AVATAR ADI DA SAMRAJ: Tcha. You must become relaxed from your agitated, contracted identification with the body-mind and its play, and become capable of simply Standing in the Native Position.
Then all that Radiates from that Position informs the body-mind, informs the life, and you do not lose Reality in order to be alive.
So " thoughtless feeling" is a simple way of describing what is Realized — Self-Existing, Self-Radiant, Non-conditional. Everything is Divinely Self-Recognizable in Reality — no longer the lie, the invented life made by dissociation from the Native State, but everything seen in Truth in and As the Divine Self-Condition, unobstructed Light, unobstructed Consciousness, One with all Transcending all, in a flash of no time whatsoever.

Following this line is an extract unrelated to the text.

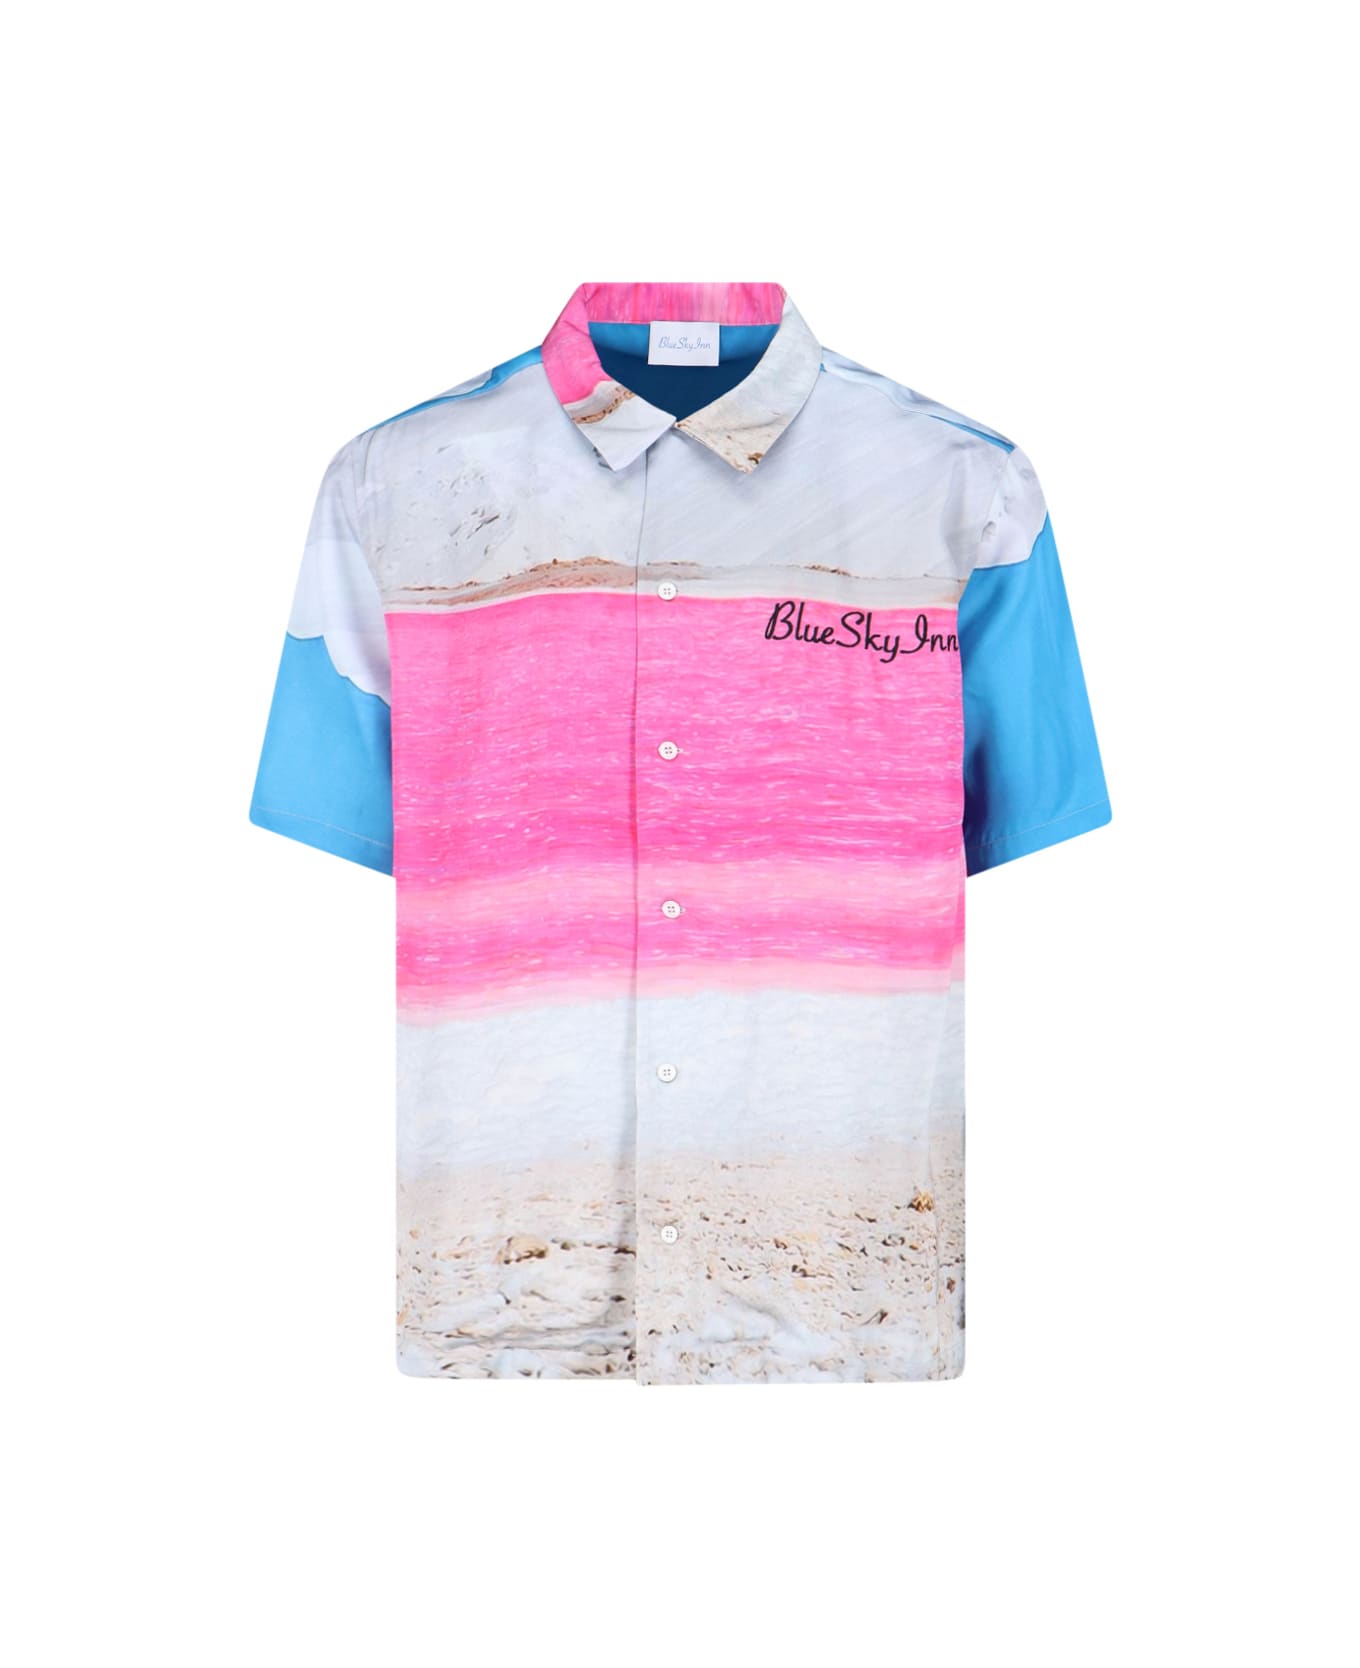 Blue Sky Inn "pink Salt" Shirt - Multicolor

To recover What Is, forgetting the separate "I", even for a moment, is more than a matter of following the thread of meaning in this dialogue.
When one is Graced to sit at the Feet of a Master, one is stepped out of the world and entered into the sphere of the Master's Radiance, the "field" of his or her innate Transmission of the state of Realization.
The Words of Adi Da Samraj, as all His devotees can confess, carry a potency that is vastly beyond the verbal meaning, a force that activates fundamental transformations in the being.
This potency is not restricted to hearing Him speak. He invests Himself Spiritually in all of His Writing, also, and that Transmission of His Person can be received through reading this book.